**Record extracts**

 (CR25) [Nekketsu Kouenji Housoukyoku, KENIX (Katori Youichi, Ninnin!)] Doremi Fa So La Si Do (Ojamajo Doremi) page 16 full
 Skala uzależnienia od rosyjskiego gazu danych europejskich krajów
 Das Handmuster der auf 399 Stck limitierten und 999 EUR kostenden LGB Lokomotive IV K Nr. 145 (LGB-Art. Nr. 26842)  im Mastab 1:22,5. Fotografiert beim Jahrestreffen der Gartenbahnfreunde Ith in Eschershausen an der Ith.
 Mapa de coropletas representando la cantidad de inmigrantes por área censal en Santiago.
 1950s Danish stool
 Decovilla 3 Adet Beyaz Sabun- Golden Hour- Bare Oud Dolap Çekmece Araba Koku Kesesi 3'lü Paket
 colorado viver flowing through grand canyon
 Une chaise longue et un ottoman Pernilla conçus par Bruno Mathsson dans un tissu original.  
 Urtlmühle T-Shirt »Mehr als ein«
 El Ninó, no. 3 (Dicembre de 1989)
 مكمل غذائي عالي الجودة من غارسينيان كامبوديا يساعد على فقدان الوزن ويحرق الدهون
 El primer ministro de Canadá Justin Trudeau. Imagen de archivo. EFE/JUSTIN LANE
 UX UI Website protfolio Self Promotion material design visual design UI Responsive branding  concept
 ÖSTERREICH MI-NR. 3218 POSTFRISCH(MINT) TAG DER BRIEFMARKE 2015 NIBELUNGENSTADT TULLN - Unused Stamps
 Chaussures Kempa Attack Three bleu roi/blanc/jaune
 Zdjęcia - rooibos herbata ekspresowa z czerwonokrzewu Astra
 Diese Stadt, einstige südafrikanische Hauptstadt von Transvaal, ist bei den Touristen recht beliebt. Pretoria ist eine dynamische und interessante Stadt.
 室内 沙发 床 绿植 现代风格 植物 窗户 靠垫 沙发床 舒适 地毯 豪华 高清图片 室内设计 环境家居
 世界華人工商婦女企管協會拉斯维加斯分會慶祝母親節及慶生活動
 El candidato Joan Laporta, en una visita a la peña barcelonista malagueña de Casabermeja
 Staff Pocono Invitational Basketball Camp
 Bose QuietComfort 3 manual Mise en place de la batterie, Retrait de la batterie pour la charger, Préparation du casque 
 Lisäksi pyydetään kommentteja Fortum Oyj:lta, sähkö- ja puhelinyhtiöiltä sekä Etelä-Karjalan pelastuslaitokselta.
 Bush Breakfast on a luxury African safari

**Brief**
Your answer is the line containing "El primer ministro" plus every line after it through the end of the entries, given again exactly and alone.

**Worked solution**
 El primer ministro de Canadá Justin Trudeau. Imagen de archivo. EFE/JUSTIN LANE
 UX UI Website protfolio Self Promotion material design visual design UI Responsive branding  concept
 ÖSTERREICH MI-NR. 3218 POSTFRISCH(MINT) TAG DER BRIEFMARKE 2015 NIBELUNGENSTADT TULLN - Unused Stamps
 Chaussures Kempa Attack Three bleu roi/blanc/jaune
 Zdjęcia - rooibos herbata ekspresowa z czerwonokrzewu Astra
 Diese Stadt, einstige südafrikanische Hauptstadt von Transvaal, ist bei den Touristen recht beliebt. Pretoria ist eine dynamische und interessante Stadt.
 室内 沙发 床 绿植 现代风格 植物 窗户 靠垫 沙发床 舒适 地毯 豪华 高清图片 室内设计 环境家居
 世界華人工商婦女企管協會拉斯维加斯分會慶祝母親節及慶生活動
 El candidato Joan Laporta, en una visita a la peña barcelonista malagueña de Casabermeja
 Staff Pocono Invitational Basketball Camp
 Bose QuietComfort 3 manual Mise en place de la batterie, Retrait de la batterie pour la charger, Préparation du casque 
 Lisäksi pyydetään kommentteja Fortum Oyj:lta, sähkö- ja puhelinyhtiöiltä sekä Etelä-Karjalan pelastuslaitokselta.
 Bush Breakfast on a luxury African safari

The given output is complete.